Algorithmic trading can also potentially freeze markets and create instability when trading strategies interact in unforeseen ways, the report says. It has been blamed for the flash crash of the pound sterling during the 2016 Brexit referendum, during which the value of the pound decreased around 6% in just two minutes, as well as several other flash crashes in the preceding years.

So could AI cause the next big stock market crash? To counter that possibility, the latest AI technology is also used to detect rogue AI traders and ensure regulatory compliance.

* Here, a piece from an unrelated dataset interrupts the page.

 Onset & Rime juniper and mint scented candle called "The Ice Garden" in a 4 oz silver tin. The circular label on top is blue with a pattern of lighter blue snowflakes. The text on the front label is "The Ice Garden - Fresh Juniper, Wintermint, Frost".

For example, at the Hong Kong Stock Exchange, AI is used to detect stock market manipulation and market abuses. Their system analyzes historical trading activity to identify patterns and anomalies, including dramatic swings in stock prices and rises in trading volume. The report also cites the Division of Economic and Risk Analysis (DERA) at the US Securities Exchange Commission (SEC), which is using ML to examine massive datasets for potential cases of misconduct, and the Monetary Authority of Singapore, which is using AI/ML to identify suspicious transactions.

To ensure the stability of global markets, regulation of AI systems such as HFTs is obviously required. While there are existing regulations (such as the European MIFID II regulatory framework), this is a rapidly evolving sector.

Faster Than Oversight

“AI and ML are moving faster than policy makers can understand to the extent it is almost outstripping the current legal and regulatory framework. Technology is opaque and fast moving and regulators find it hard to keep pace, for both the cumulative impact and risks of contagion,” says the report.

The same AI technology used in FinTech has also spawned a spin-off field, RegTech, which aims to streamline compliance and regulatory activities. According to the report, the UK’s financial services authority is examining the possibility of making its handbook machine-readable and fully machine-executable, so that systems can implement the rules directly.

The report concludes that AI will inevitably become ubiquitous in finance, but that legal, ethical, economic and social challenges will arise. Many AI techniques remain untested in financial crisis scenarios, and there is a need for more education on AI literacy and awareness.